If docs needed, set a value

Doc Text:

Story Points:

---

Clone Of:

Environment:

Last Closed:

2019-09-10 01:20:55 UTC

Type:

Bug

Regression:

---

Mount Type:

---

Documentation:

---

CRM:

Verified Versions:

Category:

---

oVirt Team:

---

RHEL 7.3 requirements from Atomic Host:

Cloudforms Team:

---

Target Upstream Version:

Embargoed:

Attachments:

Description	Flags
root.log	none
build.log	none

Description Dan Horák 2019-07-12 07:25:39 UTC

Description of problem:
When building new collectd rpms in Rawhide I got the following error failing the build. Although per mock's log the resulting rpms were written out.

...
Provides: collectd-zookeeper-debuginfo = 5.9.0-1.fc31 collectd-zookeeper-debuginfo(x86-32) = 5.9.0-1.fc31 debuginfo(build-id) = 8537c07f73788f2dcd14367171c0eec9efc808d2
Requires(rpmlib): rpmlib(CompressedFileNames) <= 3.0.4-1 rpmlib(FileDigests) <= 4.6.0-1 rpmlib(PayloadFilesHavePrefix) <= 4.0-1
Recommends: collectd-debugsource(x86-32) = 5.9.0-1.fc31
Checking for unpackaged file(s): /usr/lib/rpm/check-files /builddir/build/BUILDROOT/collectd-5.9.0-1.fc31.i386
BUILDSTDERR: error: create archive failed: cpio: write failed - Cannot allocate memory
BUILDSTDERR: error: create archive failed: cpio: write failed - Cannot allocate memory
BUILDSTDERR: error: create archive failed: cpio: write failed - Cannot allocate memory
BUILDSTDERR: error: create archive failed: cpio: write failed - Cannot allocate memory
BUILDSTDERR: error: create archive failed: cpio: write failed - Cannot allocate memory
BUILDSTDERR: error: create archive failed: cpio: write failed - Cannot allocate memory
BUILDSTDERR: error: create archive failed: cpio: write failed - Cannot allocate memory
BUILDSTDERR: error: create archive failed: cpio: write failed - Cannot allocate memory
BUILDSTDERR: error: create archive failed: cpio: write failed - Cannot allocate memory
BUILDSTDERR: error: create archive failed: cpio: write failed - Cannot allocate memory
BUILDSTDERR: error: create archive failed: cpio: write failed - Cannot allocate memory
BUILDSTDERR: error: create archive failed: cpio: write failed - Cannot allocate memory
Wrote: /builddir/build/RPMS/collectd-drbd-5.9.0-1.fc31.i686.rpm
Wrote: /builddir/build/RPMS/collectd-gps-5.9.0-1.fc31.i686.rpm
Wrote: /builddir/build/RPMS/collectd-notify_email-5.9.0-1.fc31.i686.rpm
...

It happened 3 times in a row, twice on a (different) VMs, once on build-hw5 (with 128GB memory).

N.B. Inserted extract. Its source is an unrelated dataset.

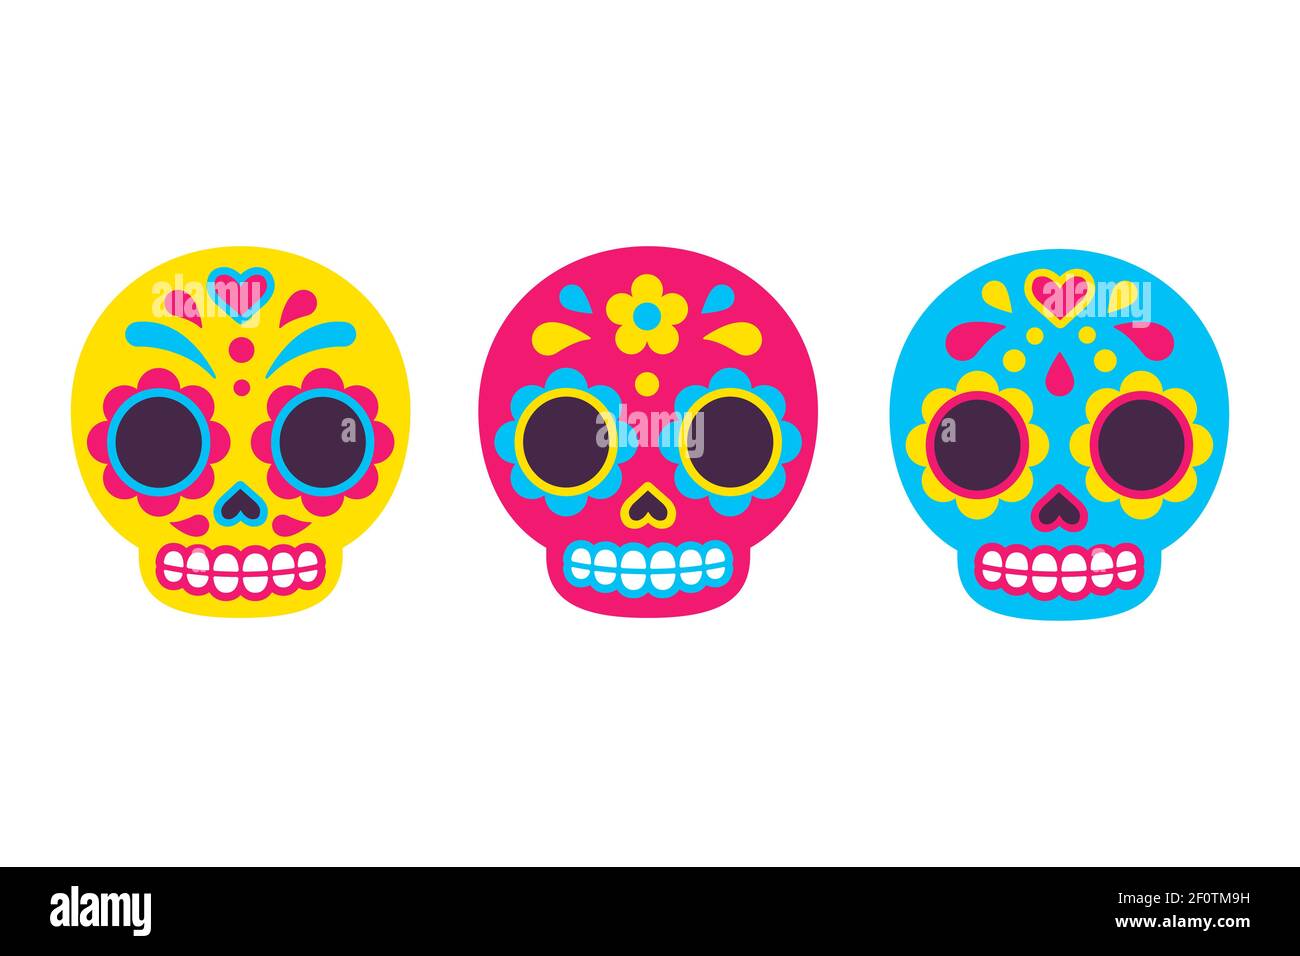 Mexican Dia de los Muertos (Day of the Dead) sugar skull icons. Cute cartoon illustration set in flat vector style. Stock Vector
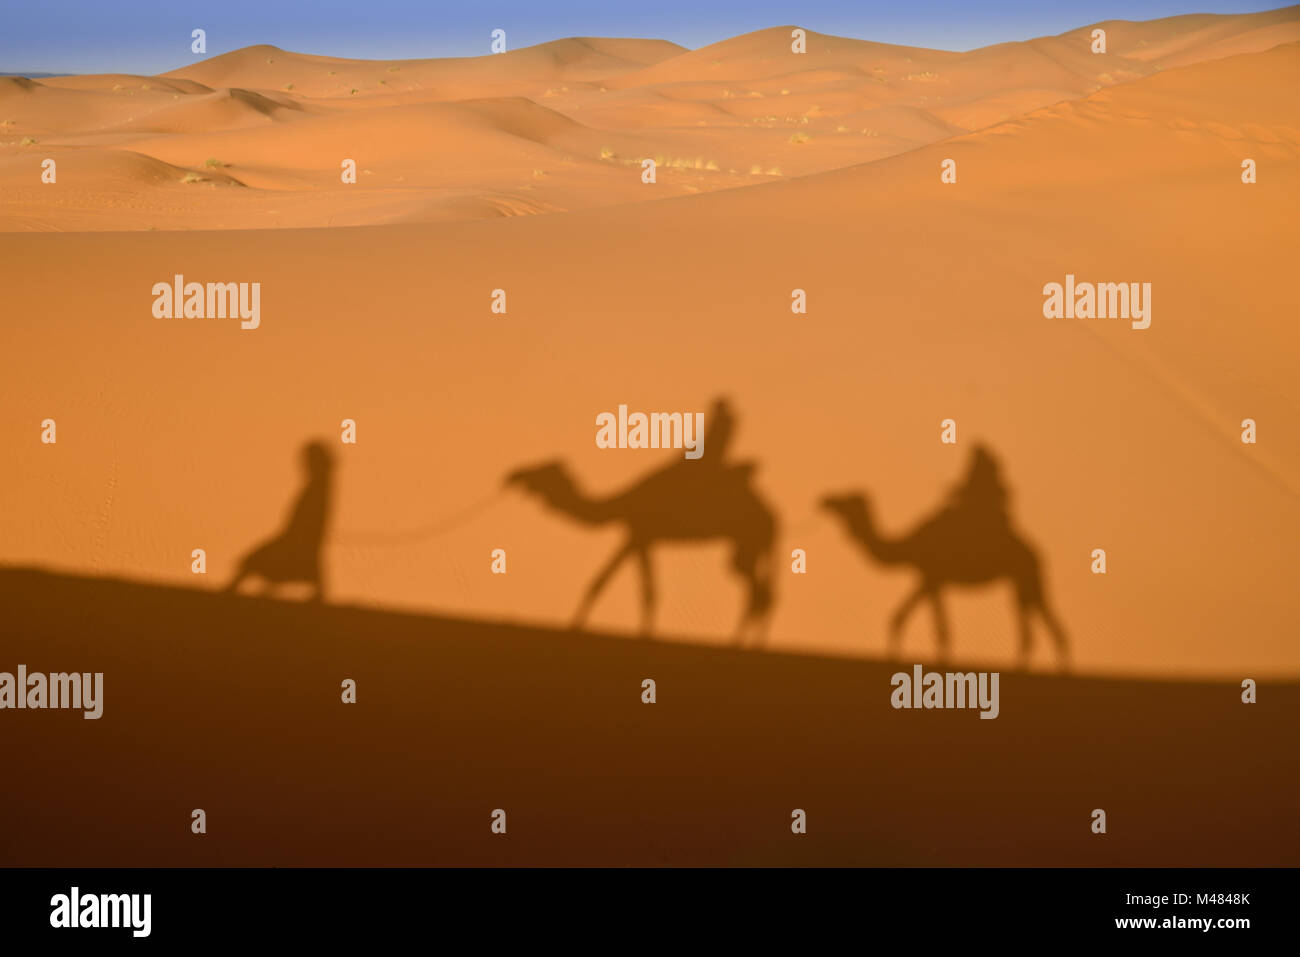 Camel shadows on Sahara Desert sand in Morocco. Stock Photo

https://koji.fedoraproject.org/koji/taskinfo?taskID=36190075
https://koji.fedoraproject.org/koji/taskinfo?taskID=36190328
https://koji.fedoraproject.org/koji/taskinfo?taskID=36190805


Version-Release number of selected component (if applicable):
rpm-4.15.0-0.beta.1.fc31.i686

How reproducible:
was 100% yesterday, but no such problem today or the day before yesterday

Comment 1 Dan Horák 2019-07-12 07:26:11 UTC

Created attachment 1589781 [details]
root.log

Comment 2 Dan Horák 2019-07-12 07:26:46 UTC

Created attachment 1589782 [details]
build.log

Comment 3 Remi Collet 2019-07-16 13:25:37 UTC

Same with https://koji.fedoraproject.org/koji/taskinfo?taskID=36285998

Comment 4 DJ Delorie 2019-07-19 17:04:15 UTC

Seen yesterday on glibc builds...

These builds failed:
https://koji.fedoraproject.org/koji/taskinfo?taskID=36333585 on buildhw-04.phx2.fedoraproject.org
https://koji.fedoraproject.org/koji/taskinfo?taskID=36329825 on buildhw-02.phx2.fedoraproject.org

These builds worked:
https://koji.fedoraproject.org/koji/taskinfo?taskID=36333043 on buildvm-30.phx2.fedoraproject.org
https://koji.fedoraproject.org/koji/taskinfo?taskID=36335876 on buildvm-19.phx2.fedoraproject.org

Comment 5 Dan Horák 2019-07-19 17:18:24 UTC

I wonder if it could be some memory management issue, too much fragmentation or such, for the 32-bit user space (in chroot) on x86_64 machine. Or maybe the error message from cpio is just bogus ... Also interesting might be to know, if the written rpms are correct or corrupted.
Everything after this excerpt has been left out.